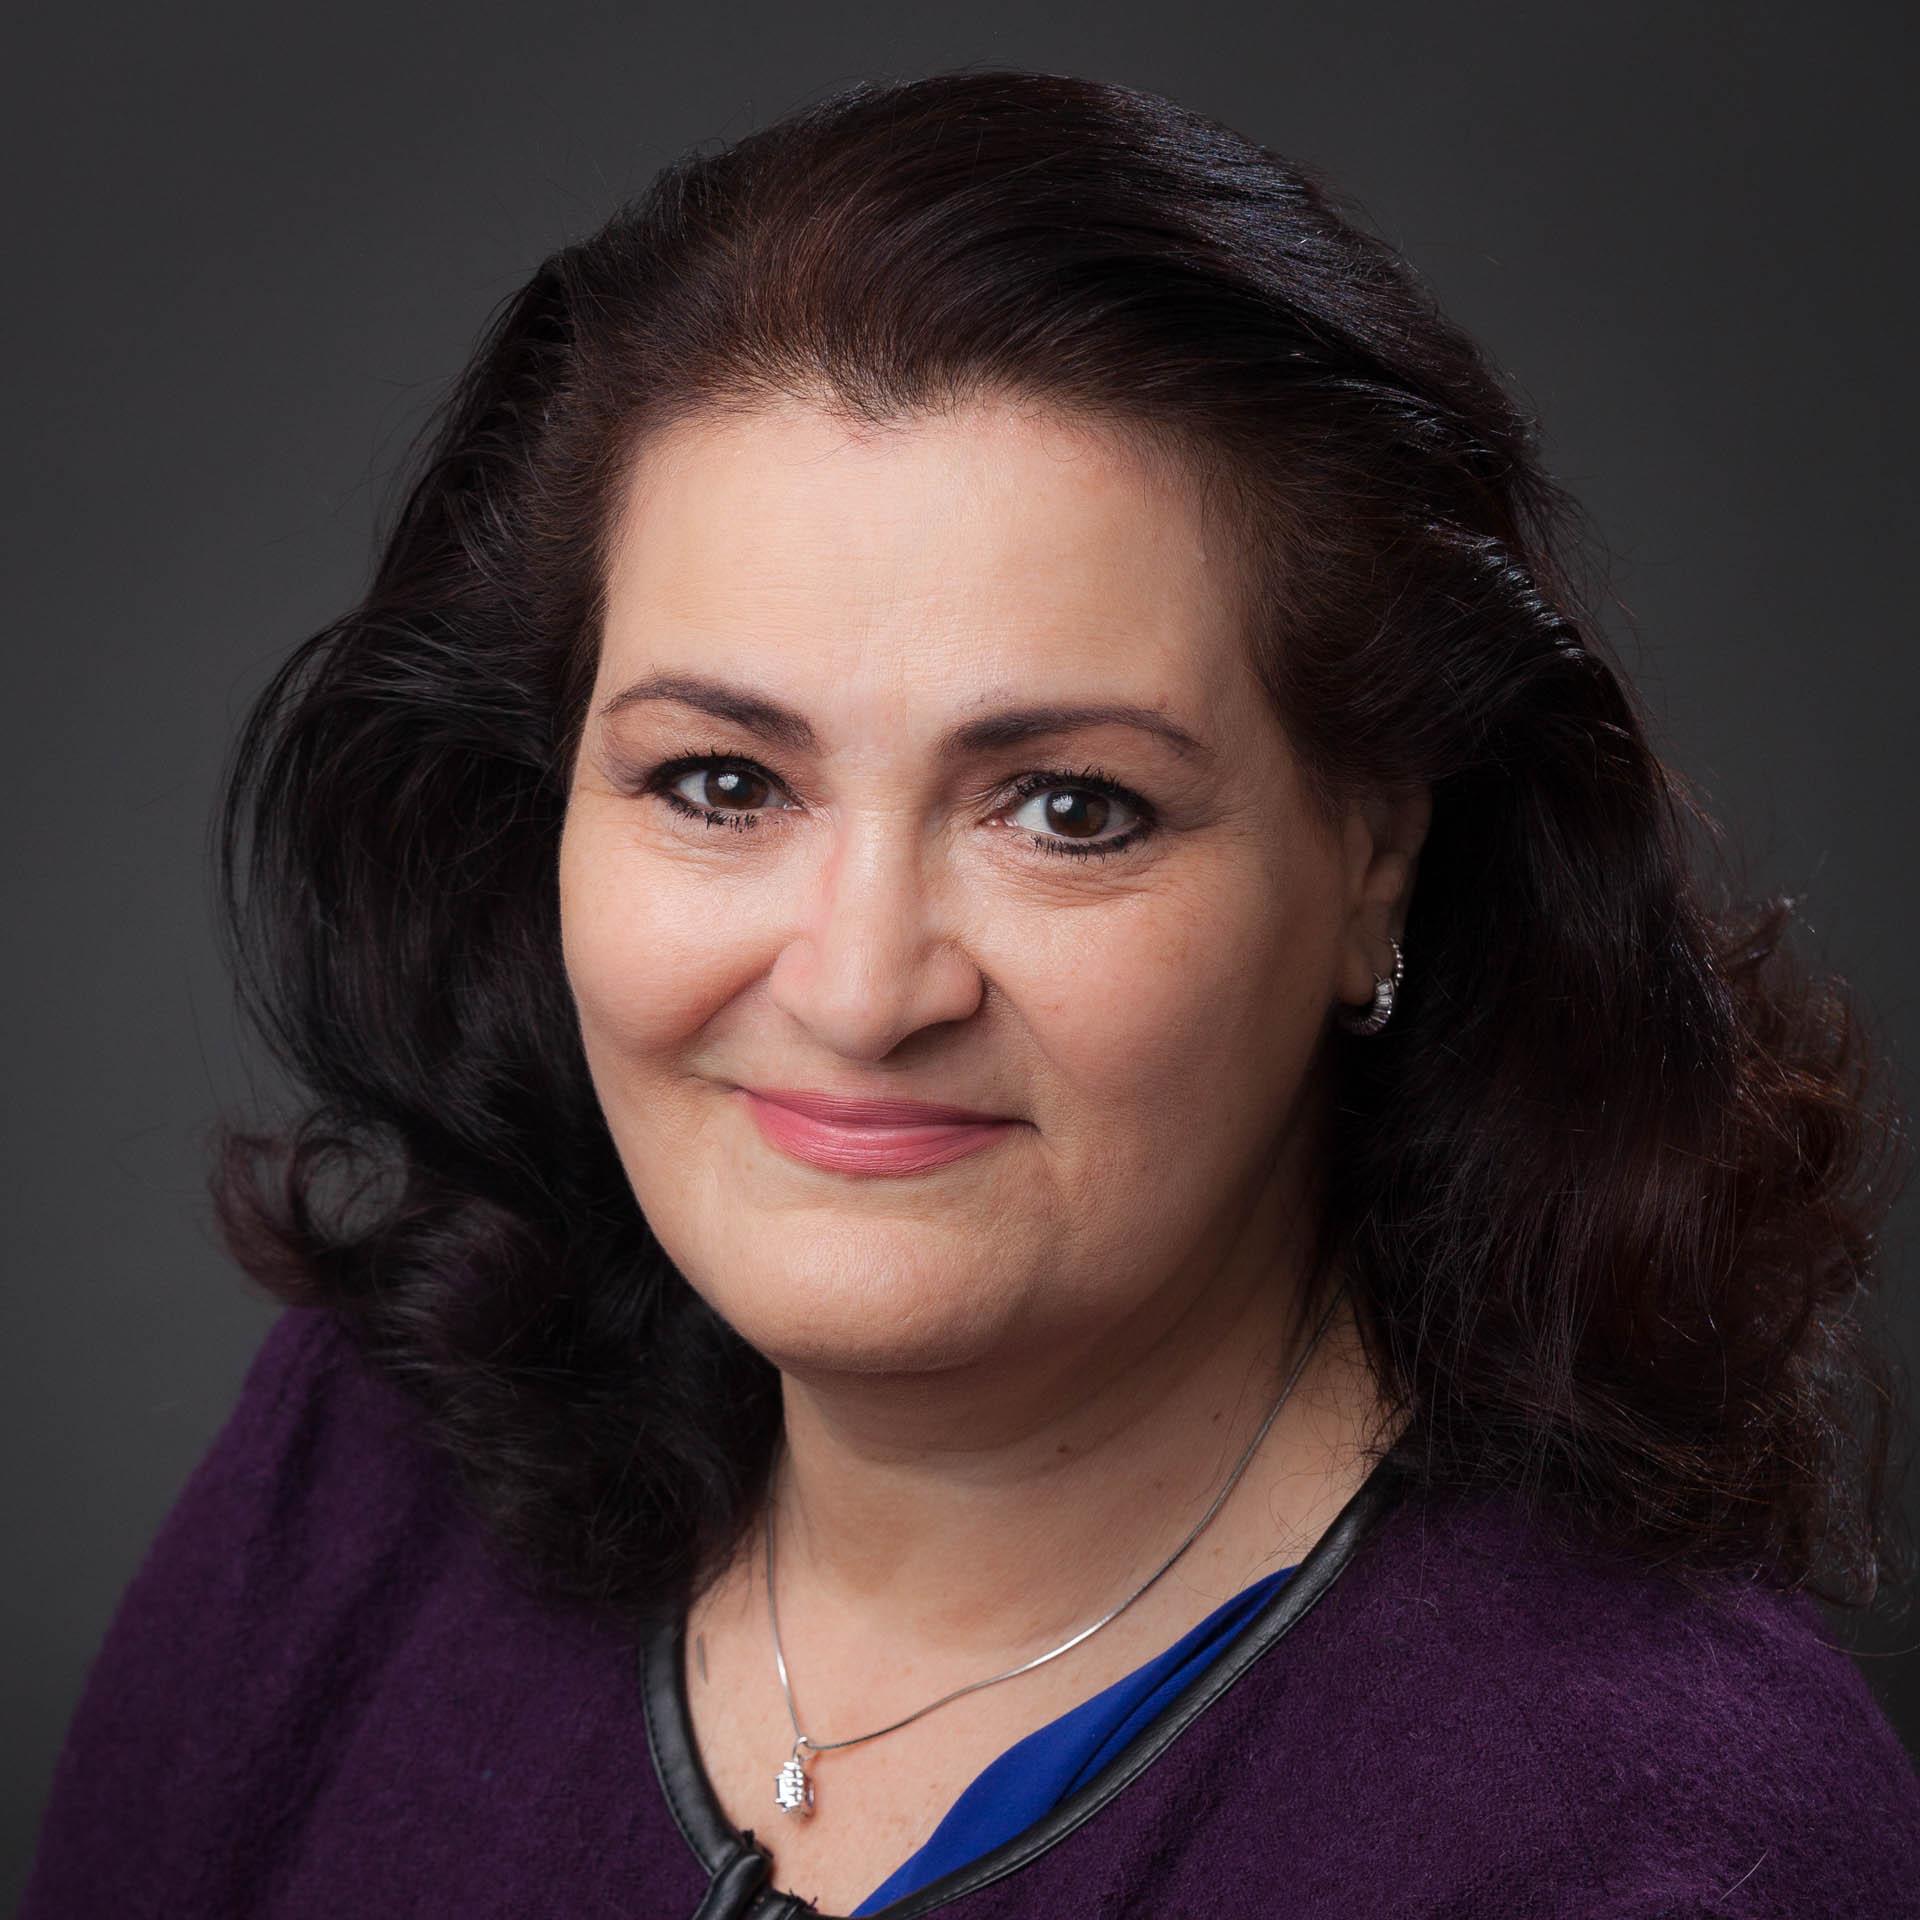 Victoria Pamias
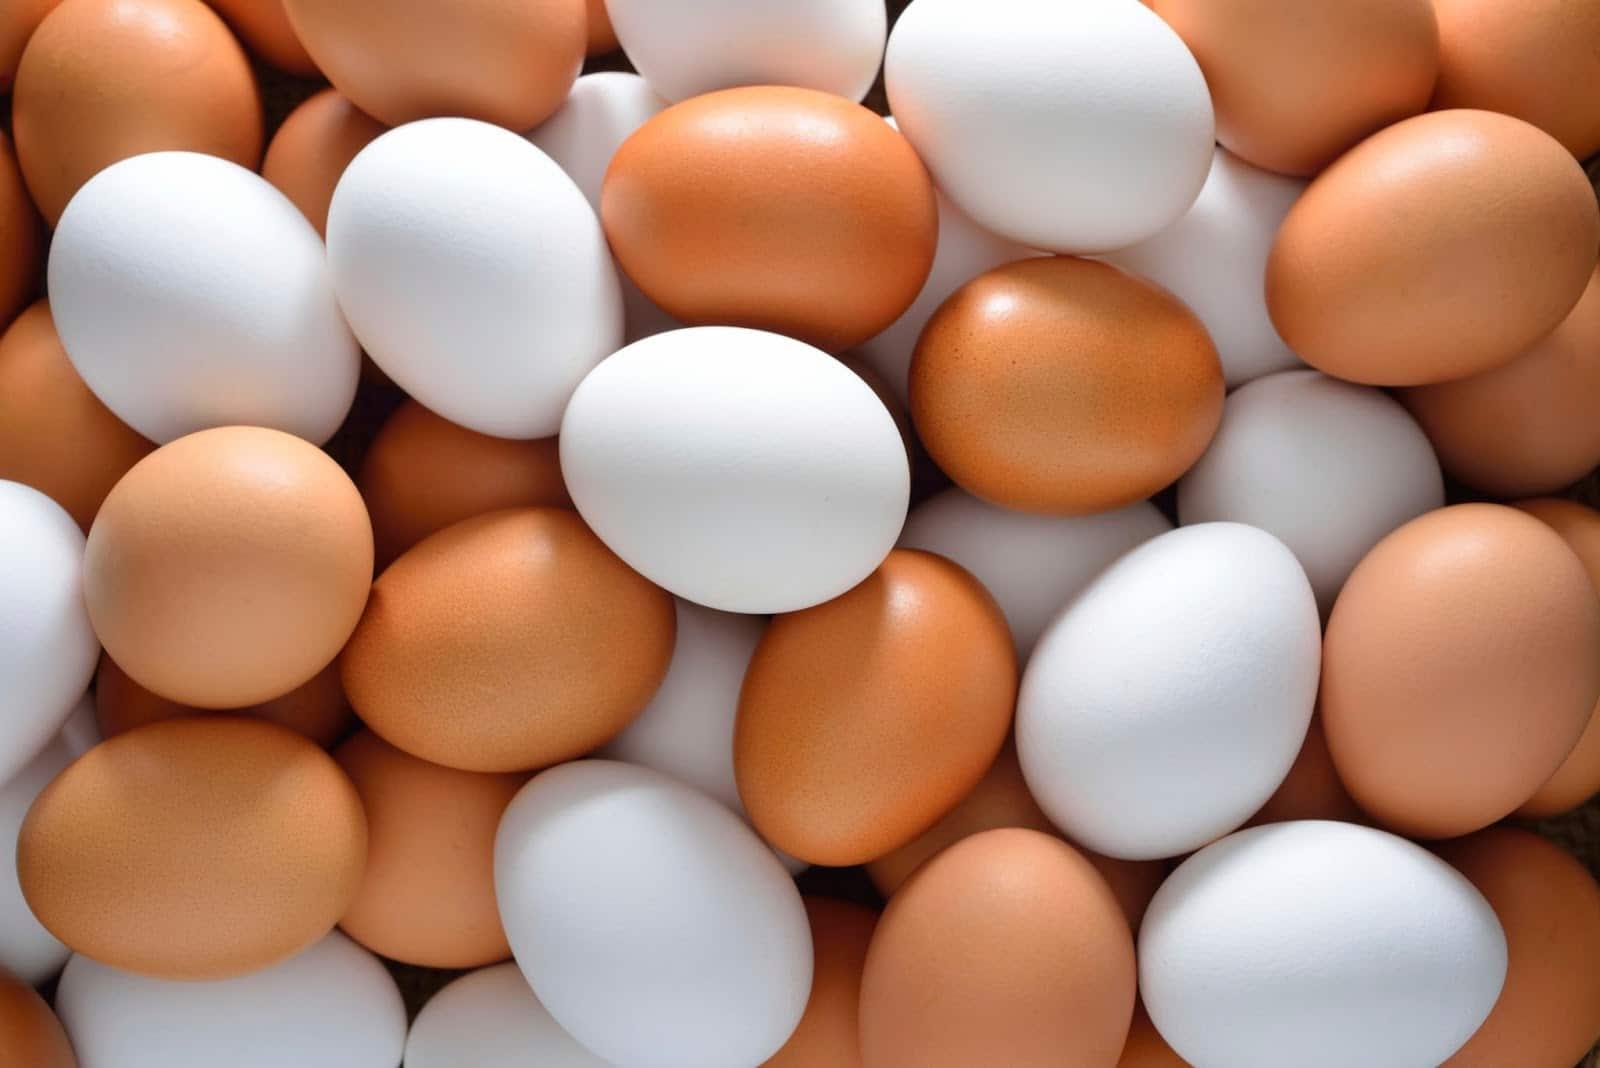 Whole Eggs vs Egg Whites: For GAINZ? – Fitness Volt
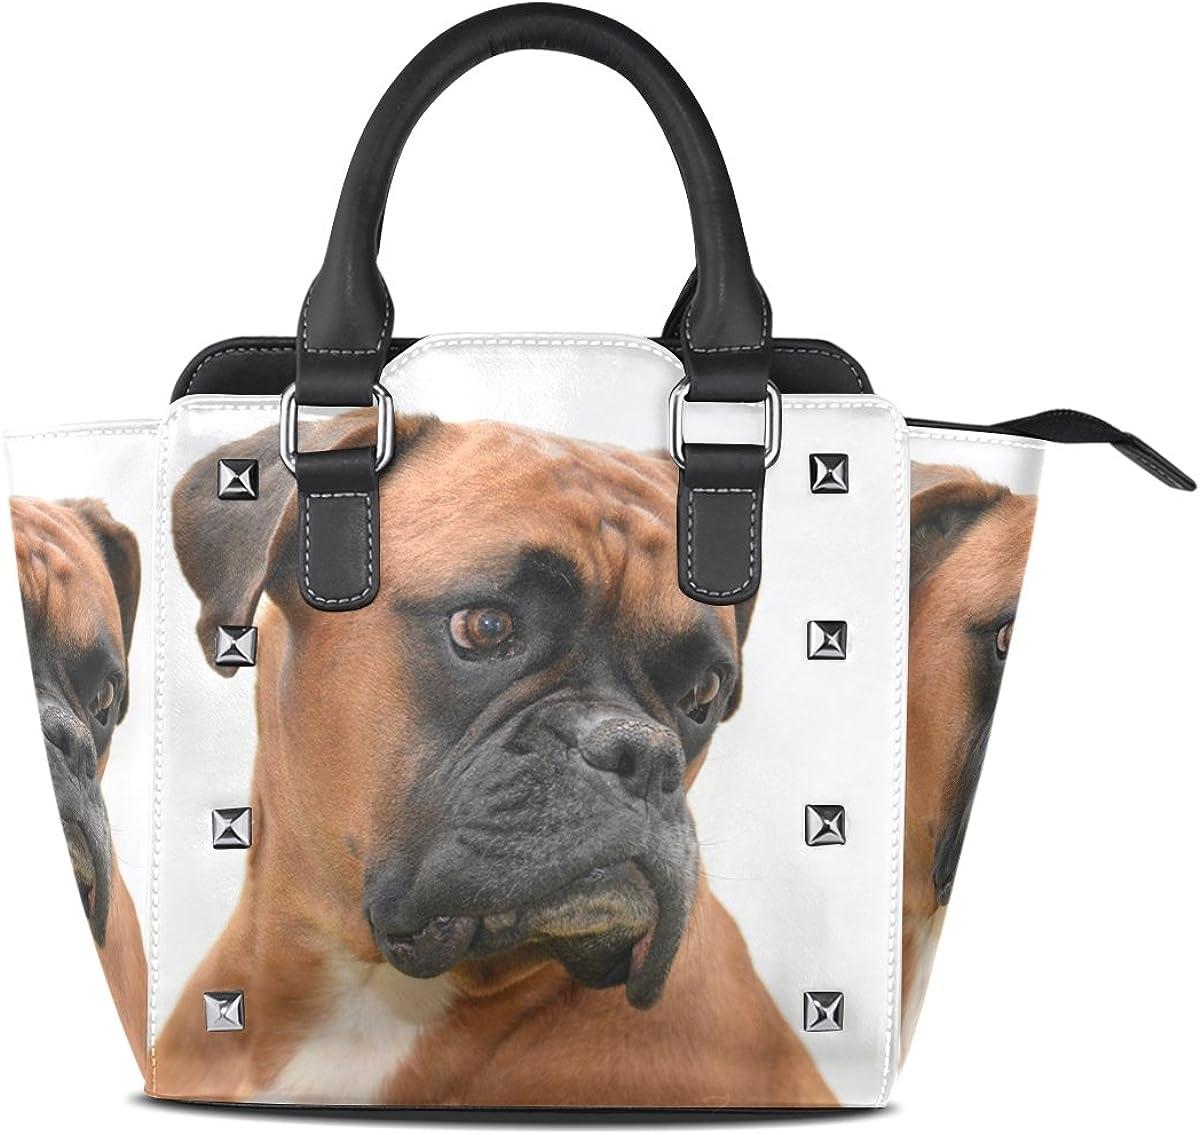 imobaby Dog Pet PU Leather Top-Handle Handbags Single-Shoulder Tote Crossbody Bag Messenger Bags For Women
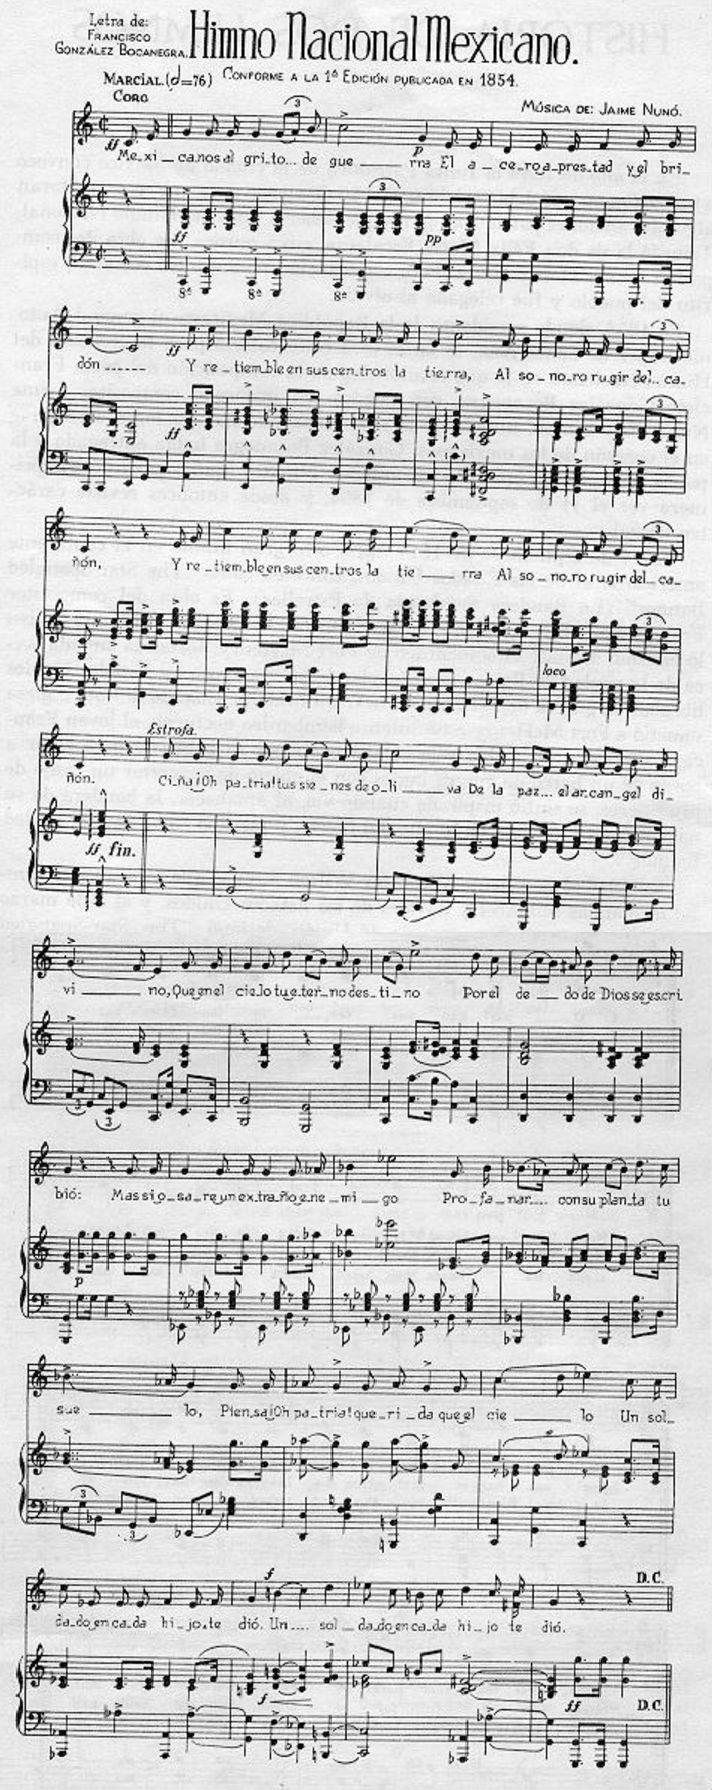 Partitura del Himno Nacional Méxicano / Sheet music of the Mexican National Anthem

-*-*-

» What is needed
No image belongs in the copy. Transcribe the full listing verbatim.

» Answer to this task
 Victoria Pamias
 Whole Eggs vs Egg Whites: For GAINZ? – Fitness Volt
 imobaby Dog Pet PU Leather Top-Handle Handbags Single-Shoulder Tote Crossbody Bag Messenger Bags For Women
 Partitura del Himno Nacional Méxicano / Sheet music of the Mexican National Anthem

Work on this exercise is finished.